On Mon, May 29, 2017 at 11:08 AM, hongxiang jiang <jhx1008@xxxxxxxxx> wrote:
> hi everyone:
> I use sysbench to do some tests on MySQL 5.7.x,   my table like this:
> CREATE TABLE `sbtest1` (
>   `id` int(11) NOT NULL AUTO_INCREMENT,
>   `k` int(11) NOT NULL DEFAULT '0',
>   `c` char(120) NOT NULL DEFAULT '',
>   `pad` char(60) NOT NULL DEFAULT '',
>   PRIMARY KEY (`id`),
> ) ENGINE=InnoDB;
> secondary index is not neccessary,  I do not create it!!
> I have two sessions:
> session1: begin; select * from sbtest1 where id=123456 for update
> session2: insert into sbtest1 values(123450, 0,'aaa','bbb');
> the records in the table like below:
> (...),(123440, 264454, xxxxxx, xxxxx), (123456, 251028, xxxxx, xxxxxx),(....)
> in my opinion,  the record with the id=123456 existed, so  session1 add the X lock on this record,  session2 add the insert intention lock between(123440, 123456), these two lock are not conflicted.  session2 will not be blocked by session1.
> unfortunately, in my case,  session2 is blocked by session1, what happens?
> when session2 is blocked,  I do "select * from information_schema.INNODB_LOCKS" use another session, It shows :
> mysql> select * from information_schema.INNODB_LOCKS;
> +----------------+-------------+-----------+-----------+------------------+------------+------------+-----------+----------+------------------------+
> | lock_id        | lock_trx_id | lock_mode | lock_type | lock_table       | lock_index | lock_space | lock_page | lock_rec | lock_data              |
> +----------------+-------------+-----------+-----------+------------------+------------+------------+-----------+----------+------------------------+
> | 2388:29:2772:1 | 2388        | X         | RECORD    | `mydb`.`sbtest1` | PRIMARY    |         29 |      2772 |        1 | supremum pseudo-record |
> | 2387:29:2772:1 | 2387        | X         | RECORD    | `mydb`.`sbtest1` | PRIMARY    |         29 |      2772 |        1 | supremum pseudo-record |
> +----------------+-------------+-----------+-----------+------------------+------------+------------+-----------+----------+------------------------+
> the two sessions are locked on "supremum pseudo-record" in the same time.

The INNODB_LOCKS does not appear to display the type of the record
lock in sufficient detail.
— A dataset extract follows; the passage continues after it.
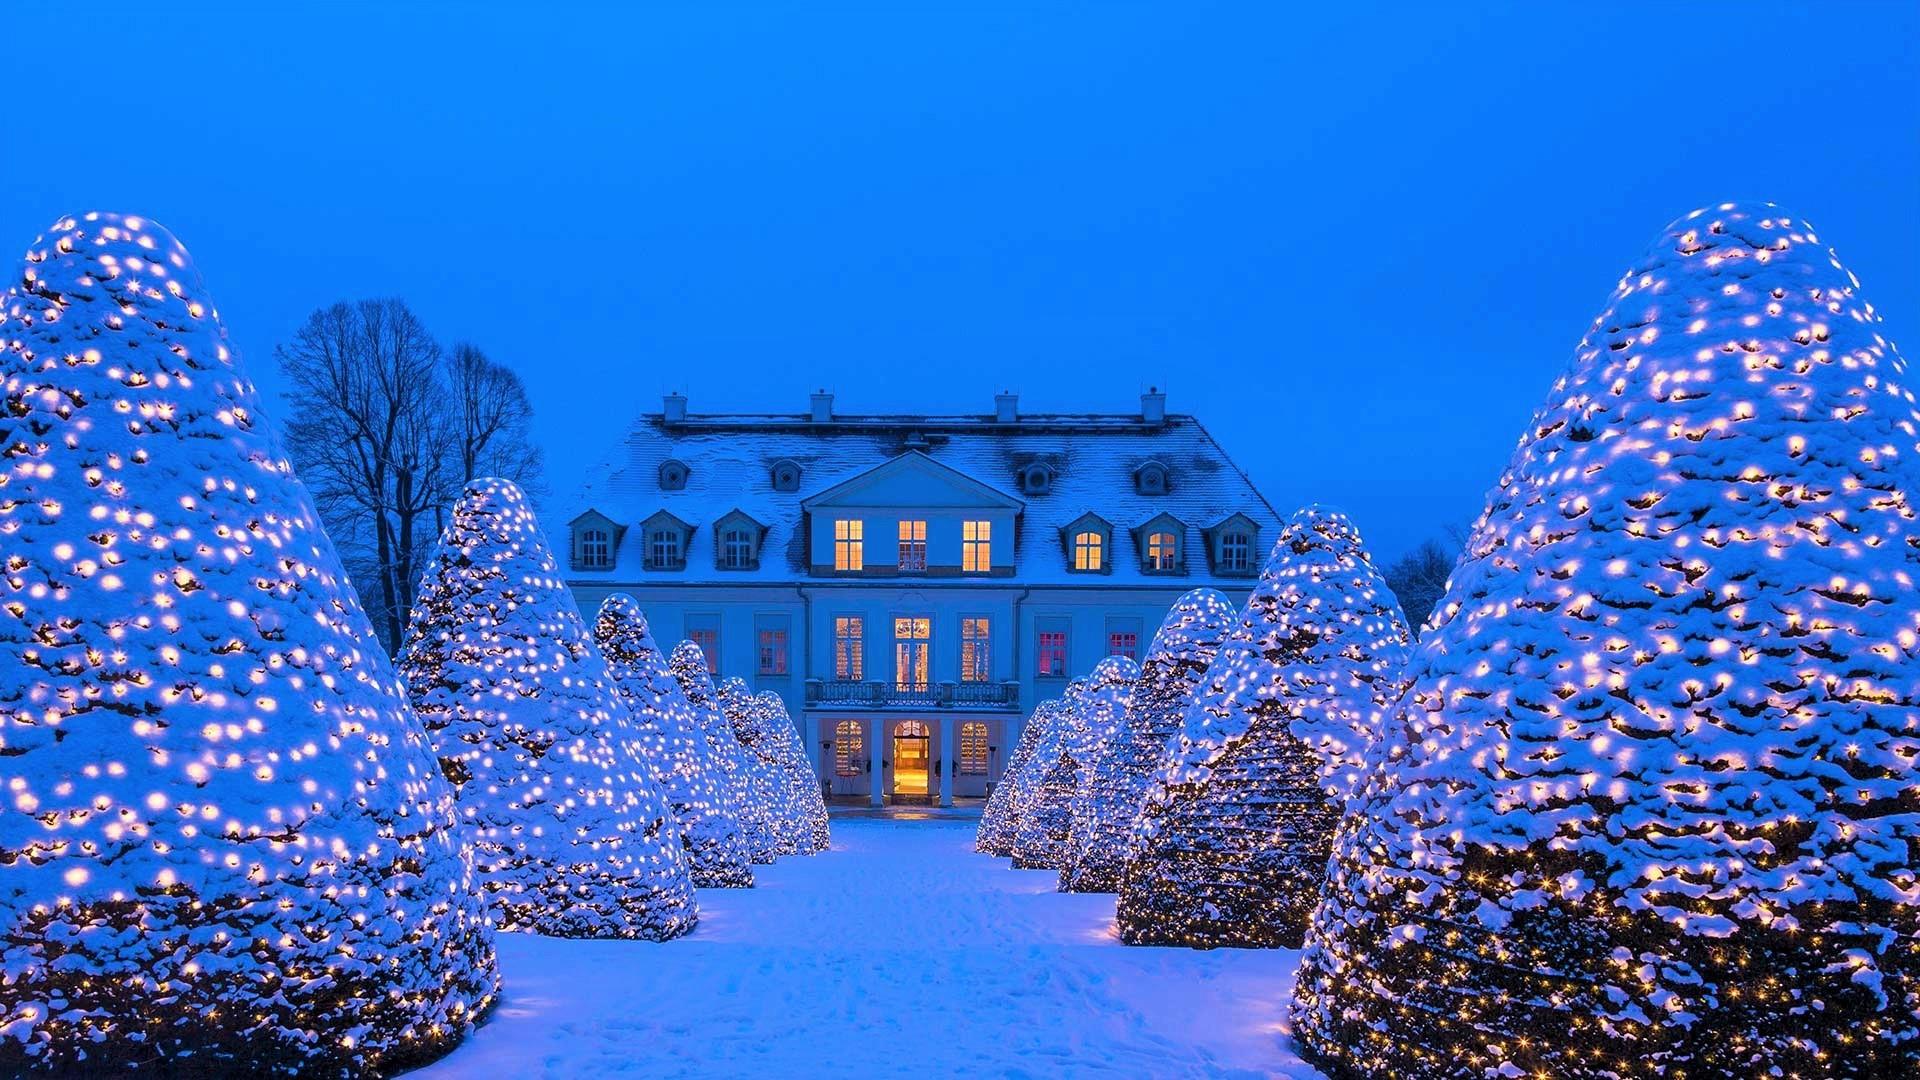 Christmas Tree Germany Light Palace Snow White 1920x1080
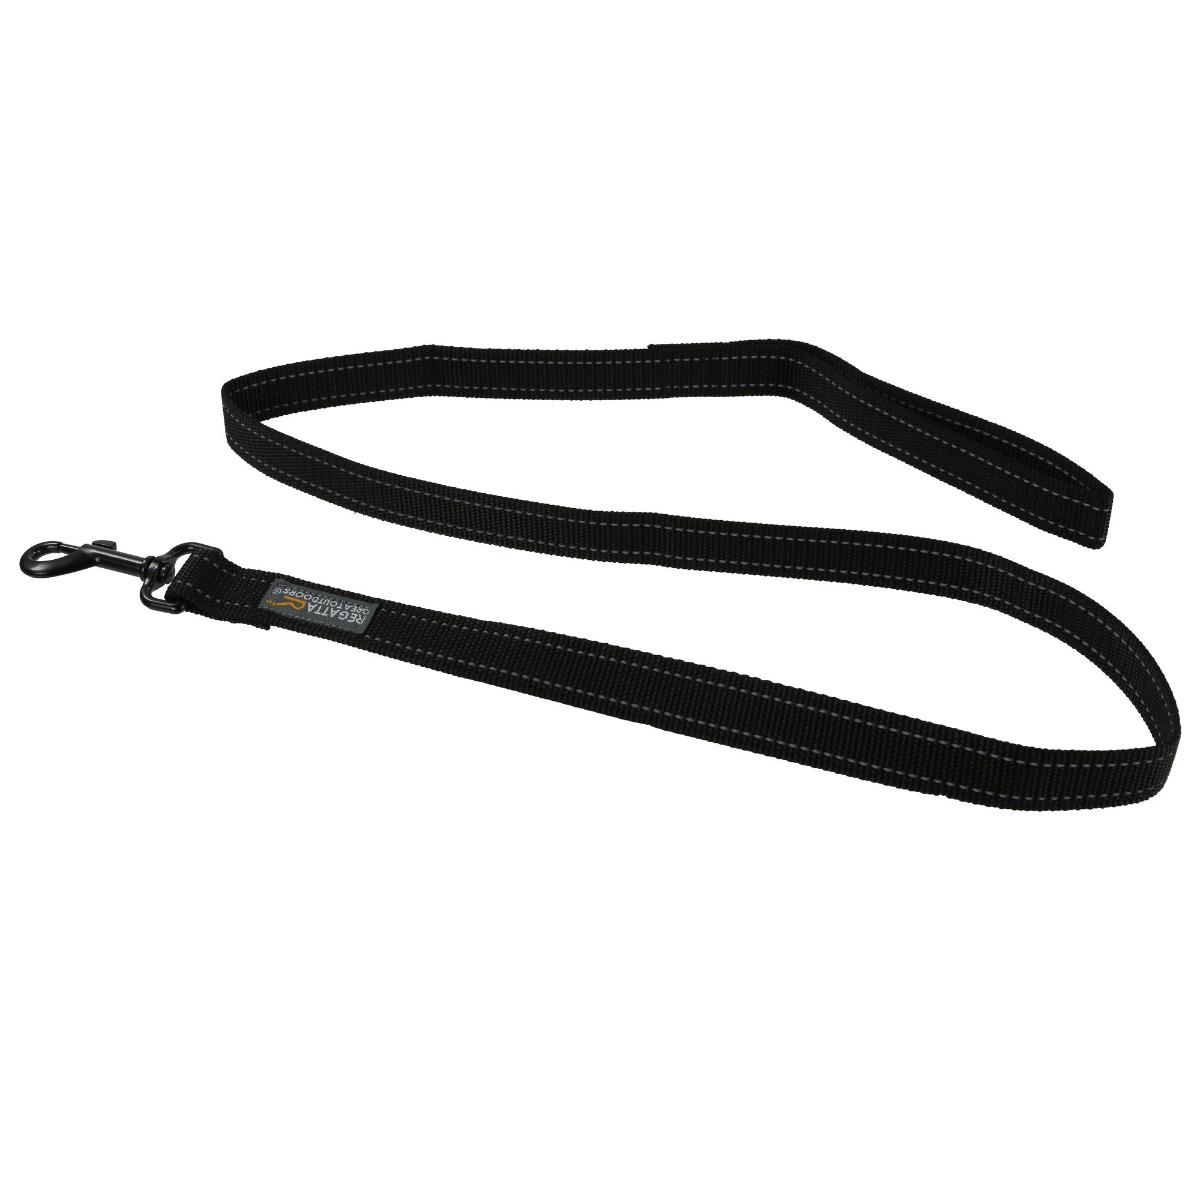 Regatta Reflective Dog Lead - Black - 120cm

I do not think that there ever can exist a
lock on a page supremum record itself. What can exist is a gap lock
that prevents any INSERT after the last record on the page. The
LOCK_MODE should really distinguish "record" and "record+gap" and
"gap-only" locks. I see that this information comes from
lock_get_mode_str(). It can return "X" or "X,GAP" but not "GAP" which
is a possible mode. Either way, the "X" output seems to indicate that
the lock on the page supremum is not a gap lock, but really locking
the pseudo-record.

I think that in your case, session1 only needs to one record lock,
because the WHERE condition is unique for the PRIMARY KEY. If the
record is found, then that single record should be locked (exclusively
because of the FOR UPDATE). Else, it should lock the gap that prevents
the record from being inserted. Say, if the surrounding records are
id=123440 and id=123460, then the gap lock should be attached to the
id=123460 record, and it would cover all keys between these records.
If id=123440 was the last record on the page, then the gap lock should
be acquired on the page supremum.

Side note 1: INNODB_LOCKS might only show conflicting locks.
Side note 2: INSERT normally uses 'implicit locks', that is, no lock_t
object is created. Only if some other transaction is trying to lock a
record while the INSERT transaction is still active, then that
transaction would convert the implicit lock to an explicit one on
behalf of the thread that ran the INSERT, and then create a wait lock
request object. Only after this point, INNODB_LOCKS would list the

> then I have debugged this instance(row0sel.cc::row_search_mvcc), I got that: when a record existed on the page for the first one, if you want to add the X Lock on it, the supremum of pre-page will be add X Lock(maybe next key lock, supremum can be add gap lock only) also.
> In my case, the records' primary key stored like this:
> (...,  123440, supremum), (infimum, 123456, ...), the id=123456 is the first record of that page, when add X Lock,  first, find the pre-record id=123440, and then add the X lock after this record until match the record witch id=123456, so the supremum is locked also..., because of this lock(supremum), session2 is blocked.  if id=123456 is not the first record of page,   session2 will not be blocked.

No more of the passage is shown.